MAGeCK - Test - LatchBio

How to run MAGeK Test on Latch

Find MAGeCK Test in your Workspace
1. Find MAGeCK Test in “All Workflows” and open the workflow
Enter the parameters for MAGeCK Test
1. First add your Sample Labels, these labels should correspond to the labels in your count table. Ex. “L1”, “CTRL”
2. Then, specify which labels are treatment and which are control. This can either be done by listing each in Sample Types and must correspond to the Sample Labels given in the same order.
— or — You can specify the name of a single Sample Label (usually the day 0 or plasmid label) in the Specify Single Control Label parameter which will tell MAGeCK to treat all other samples as treatments.
1. Select the count table, if you used MAGeCK Count to generate your count table it will be *.count.txt file from the count outputs.
2. Then fill out the Output Prefix and set an Output Location and click Launch Workflow.
Within no time your results will show up in the Data tab!

FYI

If you want to run multiple executions of this workflow click the large plus button at the bottom of the parameters to add an additional execution of the test workflow.
We have hidden many of the optional parameters under Hidden Parameters, you can click that if you would like to fine tune your execution run or want to use any of the advanced parameters.

Required Parameters

Sample Labels

The labels of each sample in the count table. The names and number of labels listed must correspond to samples listed in the count table.

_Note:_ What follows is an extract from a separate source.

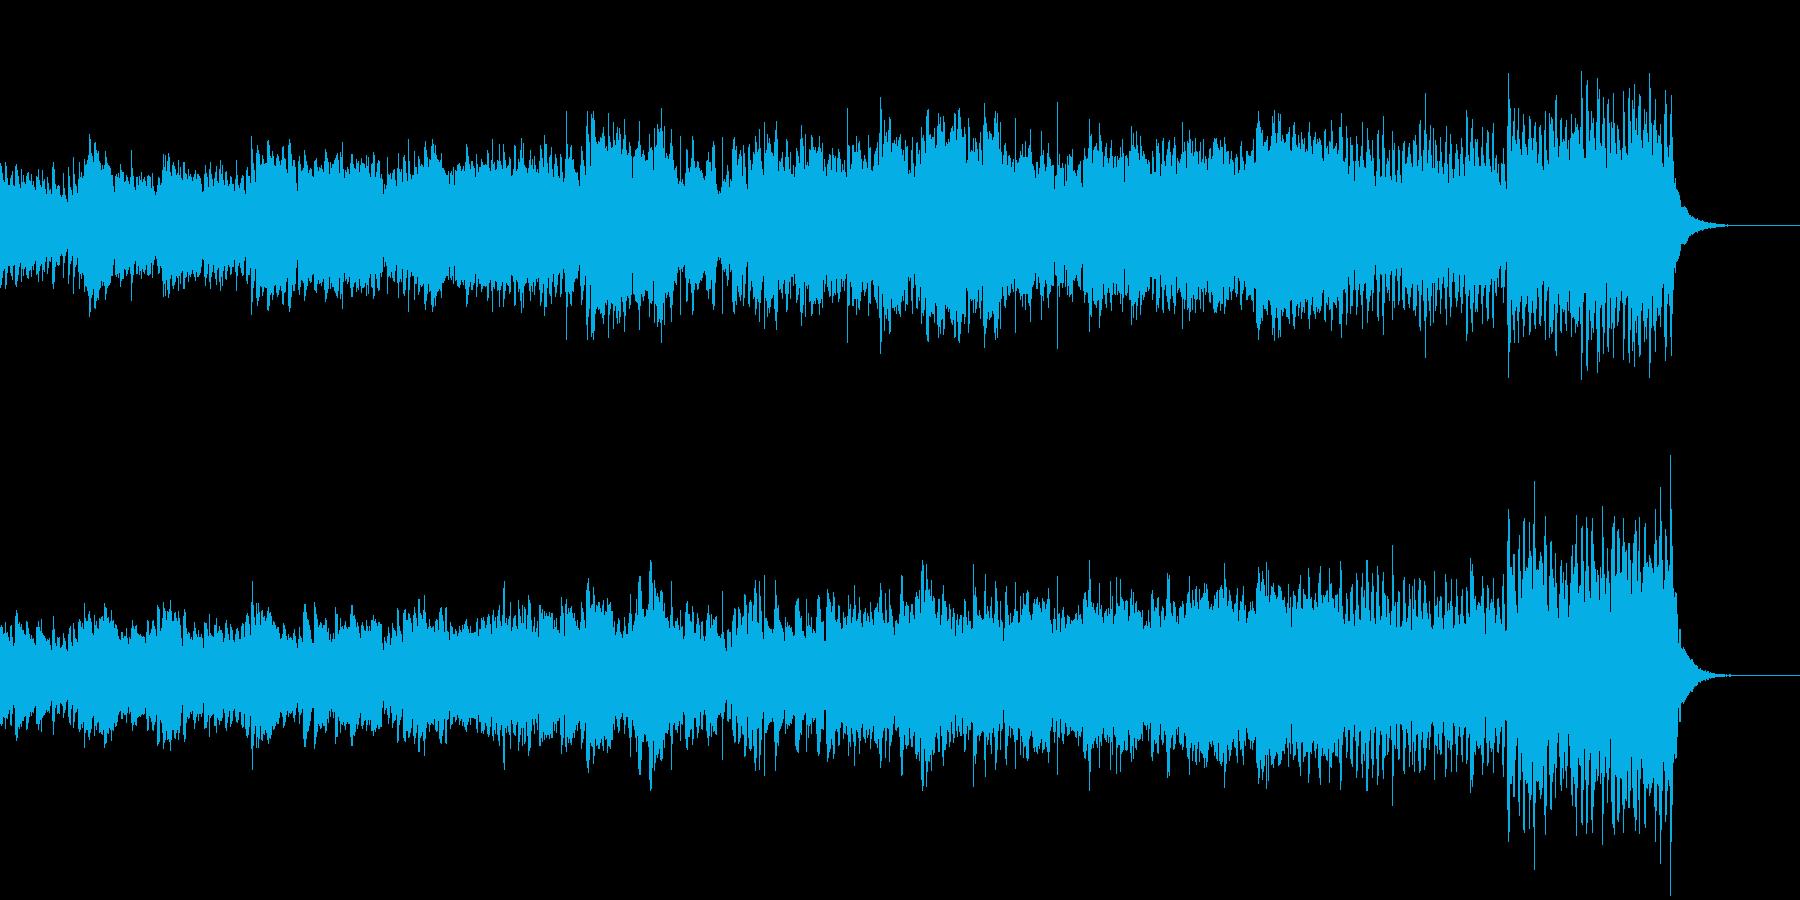 ピアノとストリング〜湖畔と森オープニングの再生済みの波形

Which samples are treatment or control, this can be done in one of two ways:

Sample Types

A list that specifies whether each of the sample labels listed above are a treatment or a control sample. This list must correspond to the list of Sample Labels given.

— or —

Specify Single Control Label

The name of a single Sample Label (usually the day 0 or plasmid label) which will tell MAGeCK to treat all other samples as treatments.

Sample Inputs Are Paired

Enabling this tells MAGeCK to do paired sample comparisons.
- When enabled, the sample labels given must be listed paired, so treatment-1, control-1, treatment-2, control-2, etc…
For example: Sample Labels: HL60.final, HL60.intial, KBM7.final, KBM7.intial
Sample Types: Treatment, Control, Treatment, Control

Count Table

A tab-separated count table, each line in the table should include sgRNA name (1st column), targeting gene (2nd column) and read counts in each sample. If you used MAGeCK Count to generate your count table it will *.count.txt file from the count outputs.
The read count file should list the names of the sgRNA, the gene it is targeting, followed by the read counts in each sample. Each item should be separated by the tab (‘\t’). A header line is optional. For example in the studies of T. Wang et al. Science 2014, there are 4 CRISPR screening samples, and they are labeled as: HL60.initial, KBM7.initial, HL60.final, KBM7.final. Here are a few lines of the read count file:

sgRNA	Gene	HL60.initial	KBM7.initial	HL60.final	KBM7.final
A1CF_m52595977	A1CF	213	274	883	175
A1CF_m52596017	A1CF	294	412	1554	1891
A1CF_m52596056	A1CF	421	368	566	759
A1CF_m52603842	A1CF	274	243	314	855
A1CF_m52603847	A1CF	0	50	145	266

Output Prefix

The prefix appended to all of the outputted files.

Output Location

The directory where the files produced by this subcommand will be placed. A path can either be selected or if a new path is typed in field Latch will automatically create the folders in the data viewer.

Hidden Parameters

Quality Control & Trimming

Method for Normalization

By default MAGeCK will use Median normalization.
Options:
- None: No normalization
- Median: Median normalization – Default
- Total: Normalization by total read counts
- Control: Normalization by control sgRNAs specified by the Control sgRNA option. The median factor used for normalization will be calculated based on control sgRNAs only, rather than all the sgRNAs

Control sgRNAs

A list of control sgRNAs for normalization and for generating the null distribution of RRA. Alternatively Control Genes can be specified instead of this parameter. This option tells MAGeCK to use provided negative control sgRNAs to generate the null distribution when calculating the p values. By providing the corresponding sgRNA IDs in this parameter, MAGeCK will have a better estimation of p values.
When using this option, you will need to provide a plain text file just containing negative control sgRNA IDS (one per each line). For example,

NonTargetingControlGuideForHuman_0001
NonTargetingControlGuideForHuman_0002
NonTargetingControlGuideForHuman_0003
NonTargetingControlGuideForHuman_0004

Control Genes

A list of genes whose sgRNAs are used as control sgRNAs for normalization and for generating the null distribution of RRA. Alternatively Control sgRNA can be specified instead of this parameter. There are several issues that you need to keep in mind:
- You should have enough number of negative control guides (>100 recommended) for accurate p value estimation and normalization.
- It is known that for growth based screens, non-targeting controls may lead to high false positives (e.g., Morgens et al. 2017. Use non-targeting controls carefully.
By default MAGeCK will generate the null distribution of RRA scores by assuming all of the genes in the library are non-essential. This approach is sometimes over-conservative, and you can improve this if you know some genes are not essential.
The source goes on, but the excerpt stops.